While there are significant factual and legal variations in parish cases (less so with diocesan withdrawal cases), one common thread emerges. It is the degree to and frequency with which TEC argues (although it sometimes denies doing so) for special treatment for itself and other more clearly "hierarchical" religious denominations not accorded to secular organizations. This can be seen, for example, in the insistence that General Convention can impose a trust on parish property by passing a canon, in the three-tier hierarchical language found in the legal pleadings but not in TEC's constitution, and in the insistence that dioceses cannot withdraw, without citing language that prohibits withdrawal. The assumption of entitlement extends in favor not just of an abstract "TEC" but to the people who are presumed to be able to speak for it, as evidenced by various actions taken on TEC's behalf by the Presiding Bishop without constitutional or canonical warrant. (See my earlier essay, "Litigation against Disaffiliating Dioceses: Is it Authorized and What does Fiduciary Duty Require?" pp. 3-15.)

TEC (and dioceses) have not been without success in taking this stance. Many are familiar with the concepts of "hierarchical deference" and "neutral principles" as they apply to methods of resolving church property disputes. But overt hierarchical deference is declining. As Kent Greenawalt observed in his article "Hands Off. Civil Court Involvement in Conflicts over Religious Property," hierarchical deference "contains an anomaly that is so evidently impossible to justify, it will almost certainly not survive."

TEC has also been helped by instances in which courts purport to apply neutral principles, but wind up creating, in practical effect, special exceptions for hierarchical denominations. Professor Patty Gerstenblith describes the problem:

These courts, while employing the language of neutral principles ... are nonetheless applying a concept that is entirely unique to church-related cases. This usage does not accord with legal principles from any other recognized branch of the law. Instead, the courts base their opinions on presumptions of implied intent and implied consent without any inquiry into the actual intent of the presumed settlor.
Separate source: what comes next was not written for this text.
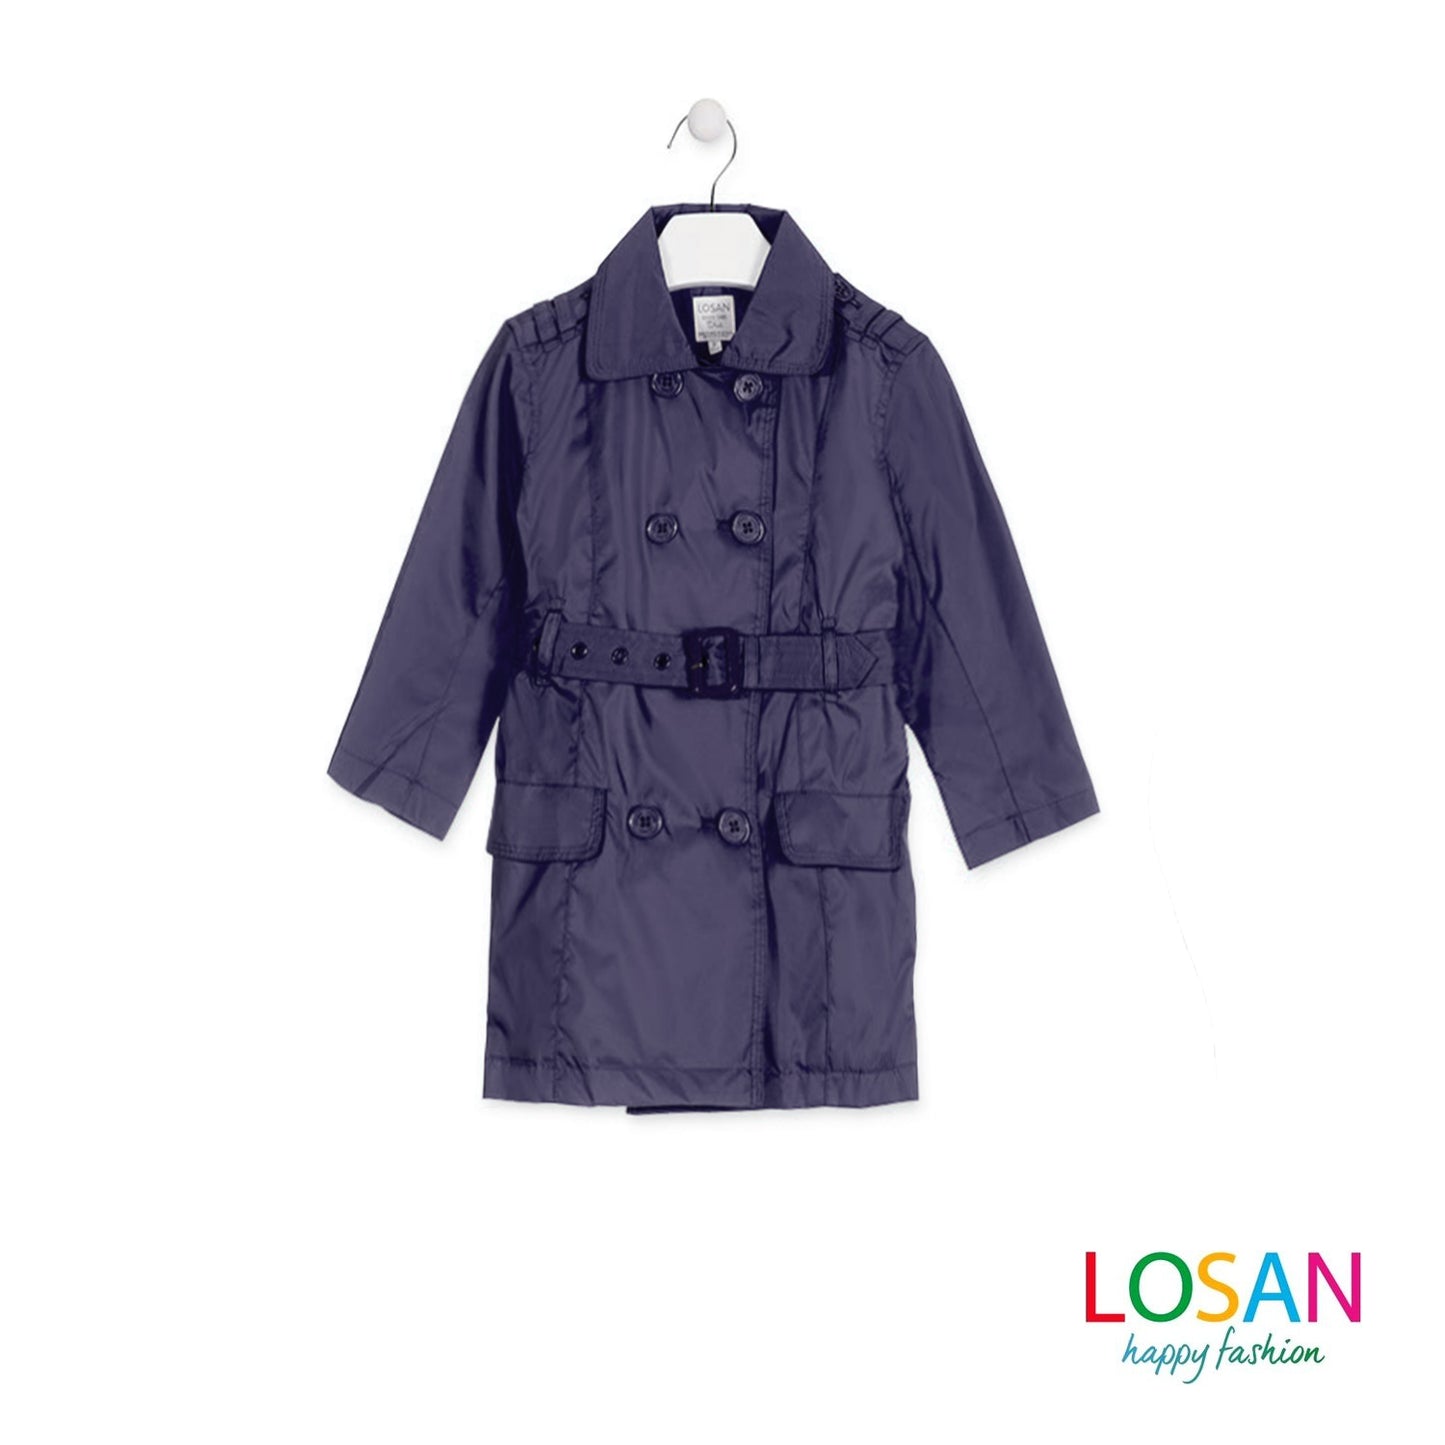 Losan - Junior belted trench coat

Although it is possible there could exist arrangements within a diocese that would, under a neutral principles analysis, prevent a parish from disaffiliating, TEC's arguments go further, and most of the courts finding an inability to disaffiliate with property intact have found it necessary to reach beyond neutral principles.

A Moral Argument?

Improperly basing legal conclusions on presumptions about intent brings to mind other uses of presumed intent, namely, to frame a moral argument. TEC leaders have argued or implied that they have a moral duty to guard the intent of prior donors. For example, the Rt. Rev. Edwin Gulick, Bishop of Kentucky and the first provisional bishop of the reorganized Diocese of Fort Worth, is quoted as saying recently: "The Episcopal Diocese of Fort Worth, heir and steward of the legacy of generations of faithful Episcopalians, has this day brought suit to recover that legacy." And Presiding Bishop Katharine Jefferts Schori said in July 2008: "We really don't have the authority or the moral right to give away those gifts that have been given by generations past and for the benefit of generations now and the benefit of generations to come."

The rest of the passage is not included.